Implements the random-walk Metropolis algorithm to estimate the bandwidth of the kernel-form error density

Usage

gibbs_admkr_erro(xh, inicost, k, errorsizp, errorprob, data_x, data_y)

Arguments

xh
Log of square bandwidth in the kernel-form error density
inicost
Cost value
k
Iteration number
errorsizp
Step size of random-walk Metropolis algorithm
errorprob
Optimal convergence rate for drawing single or multiple parameters
data_x
Regressors
data_y
Response variable

Value

x
Estimated bandwidth of the kernel-form error density
cost
Cost value, that is negative of log posterior
accept_erro
Accept or reject. accept_erro = 1 indicates acceptance, while accept_erro = 0 indicates rejection.
errorsizp
Step size of the random-walk Metropolis algorithm

Details

1) The log bandwidths of the regressors are initialized using the normal reference rule of Silverman (1986).

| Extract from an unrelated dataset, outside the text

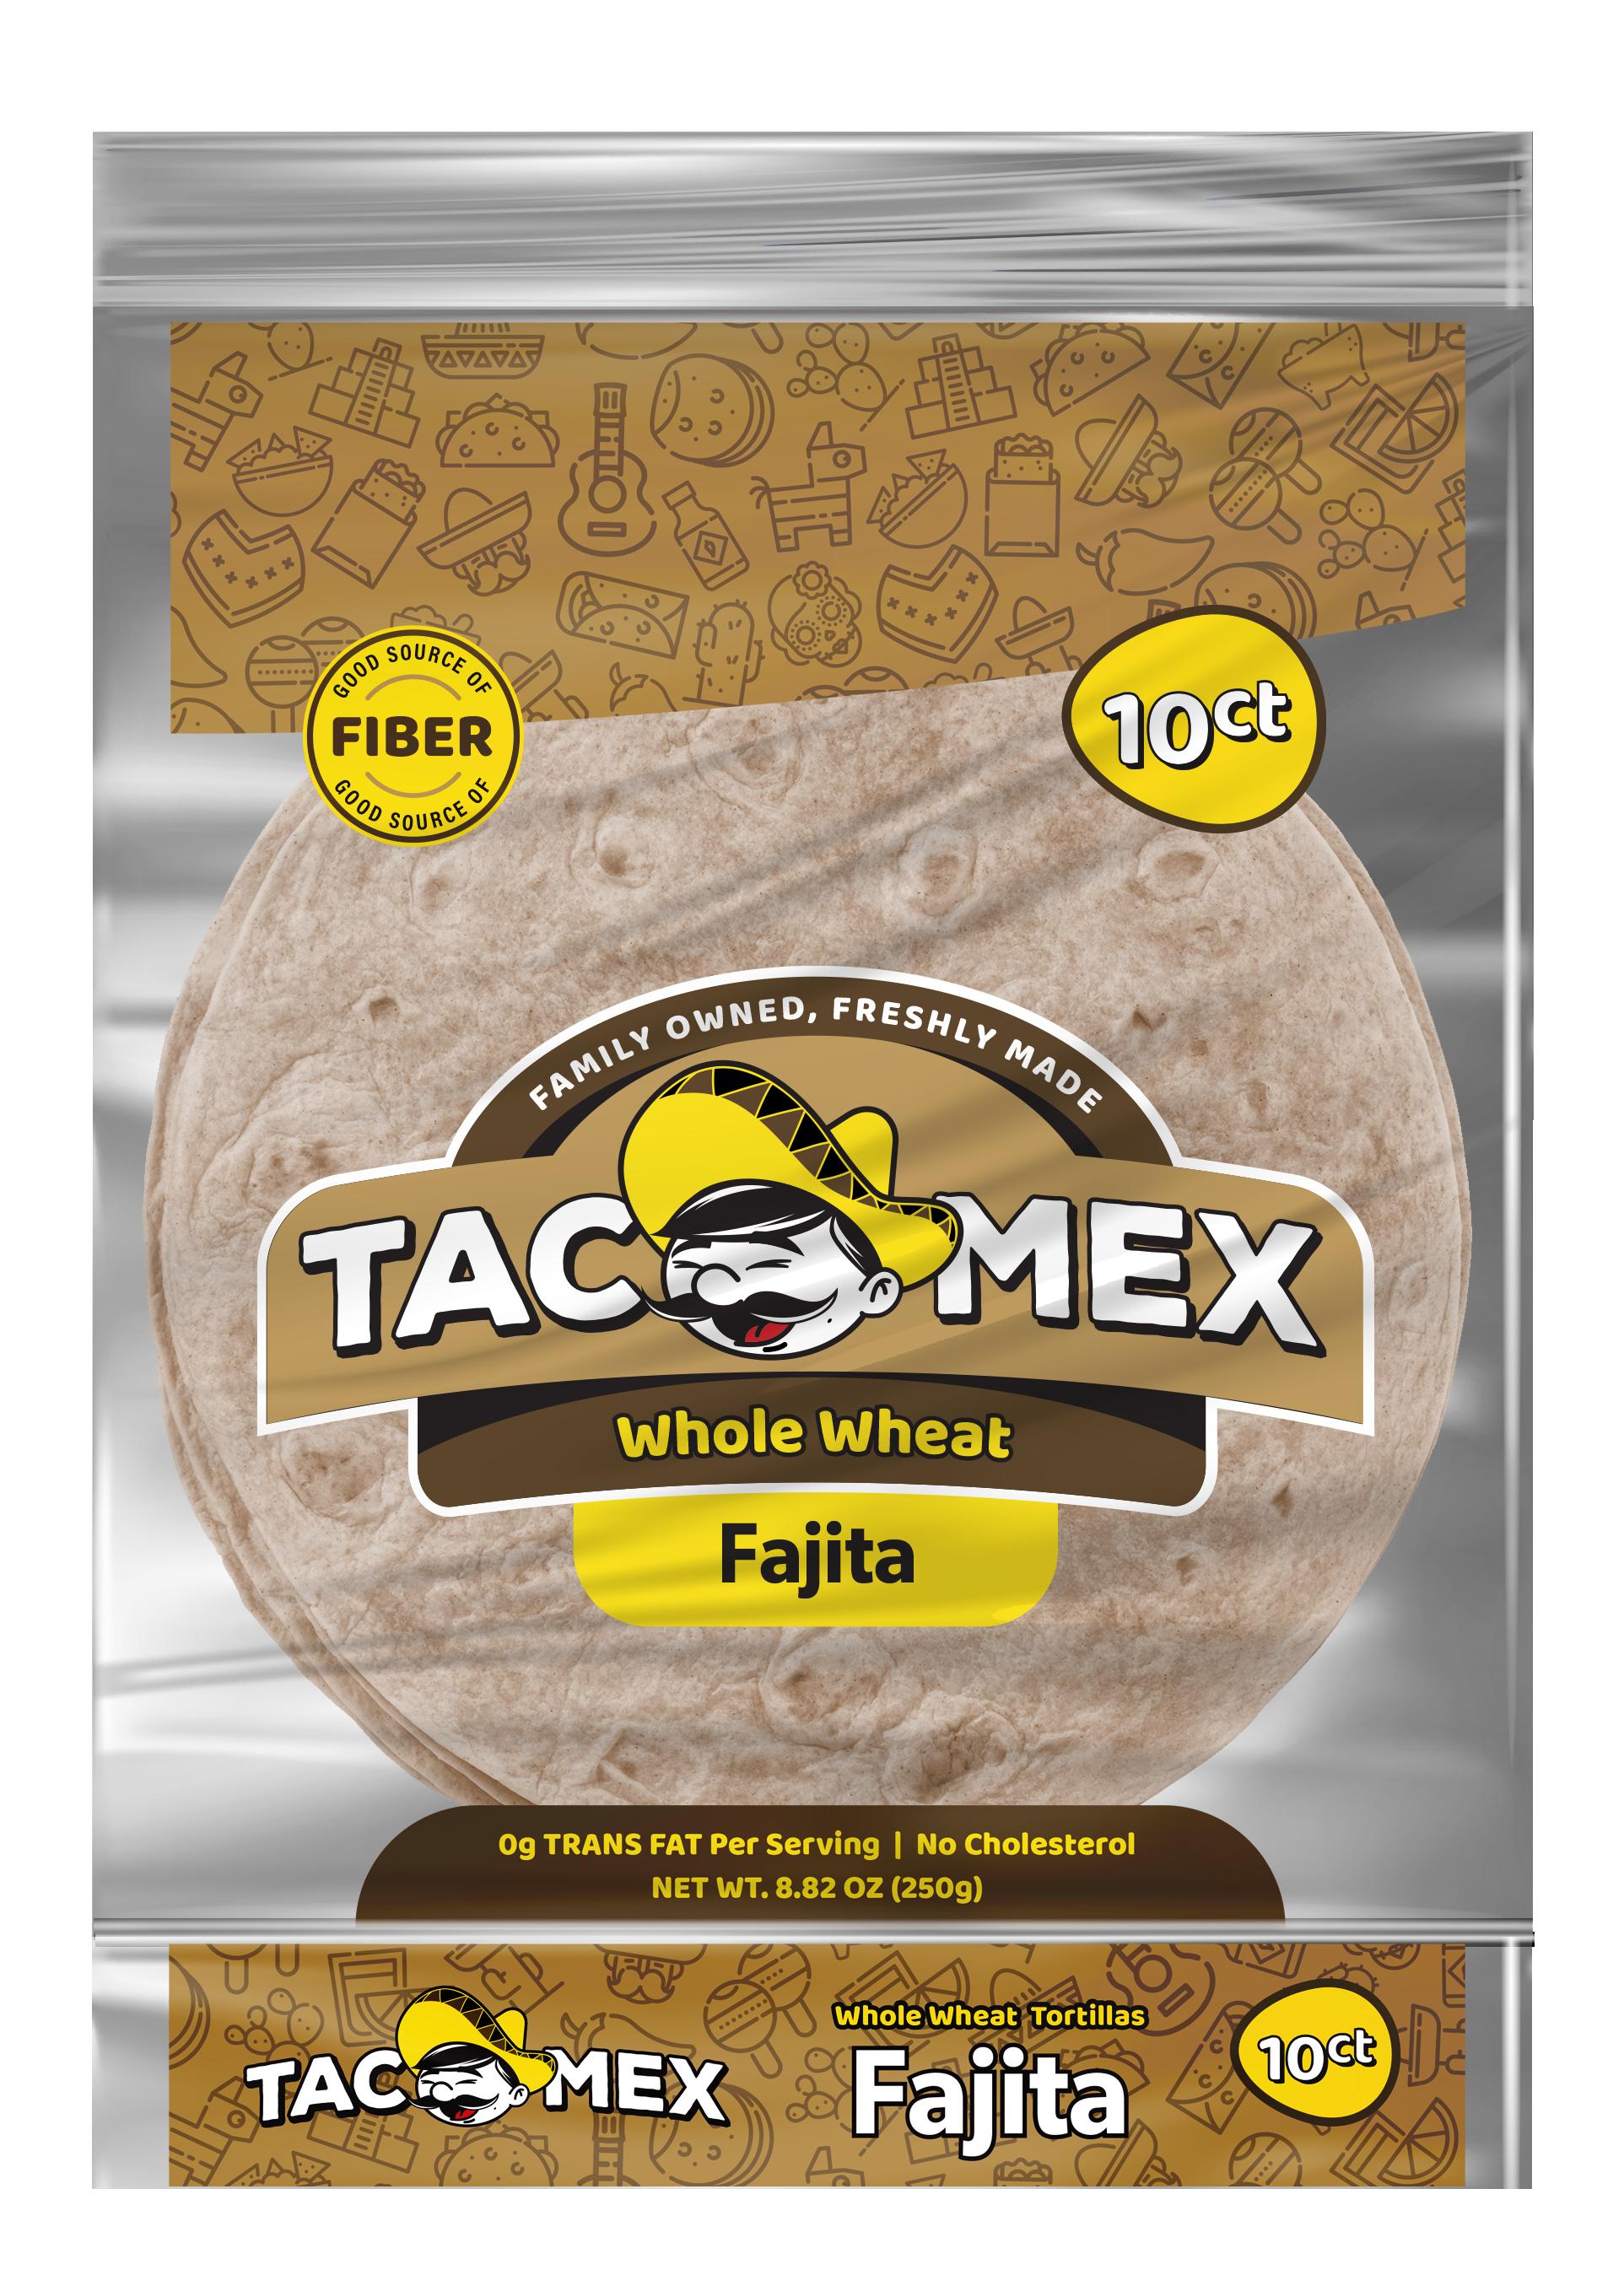 Tacomex fajita whole wheat tortilla

2) Conditioning on the variance parameter of the error density, we implement random-walk Metropolis algorithm to update the bandwidths, in order to achieve the minimum cost value.

3) The bandwidth of the kernel-form error density can be directly sampled.

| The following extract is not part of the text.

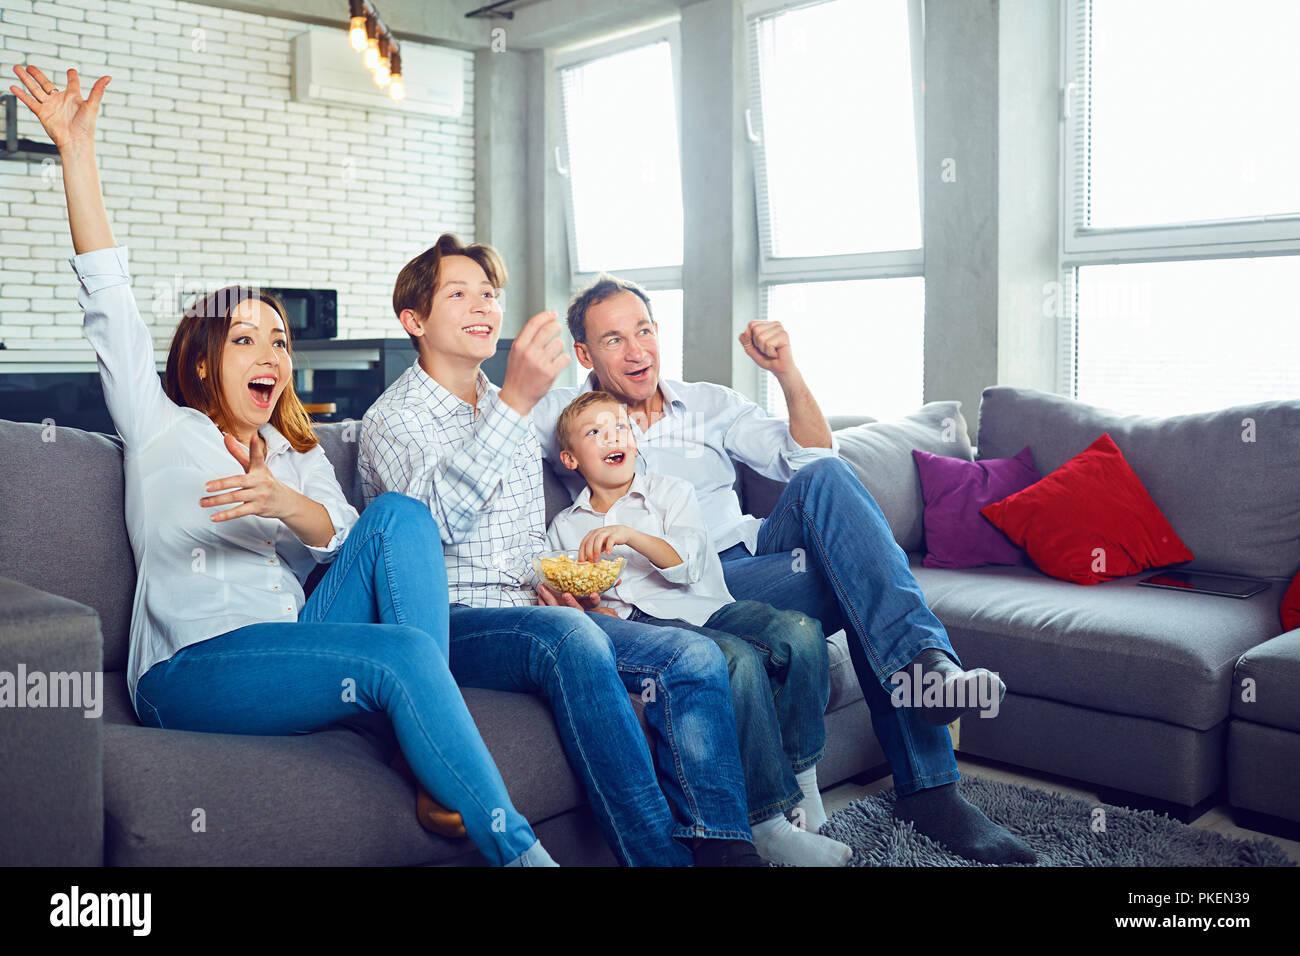 Happy family having fun watching TV sitting. - Stock Image

4) Iterate steps 2) and 3) until the cost value is minimized.

5) Check the convergence of the parameters by examining the simulation inefficient factor (sif) value. The smaller the sif value is, the better convergence of the parameters is.

References

X. Zhang and R. D. Brooks and M. L. King (2009) A Bayesian approach to bandwidth selection for multivariate kernel regression with an application to state-price density estimation, Journal of Econometrics, 153, 21-32.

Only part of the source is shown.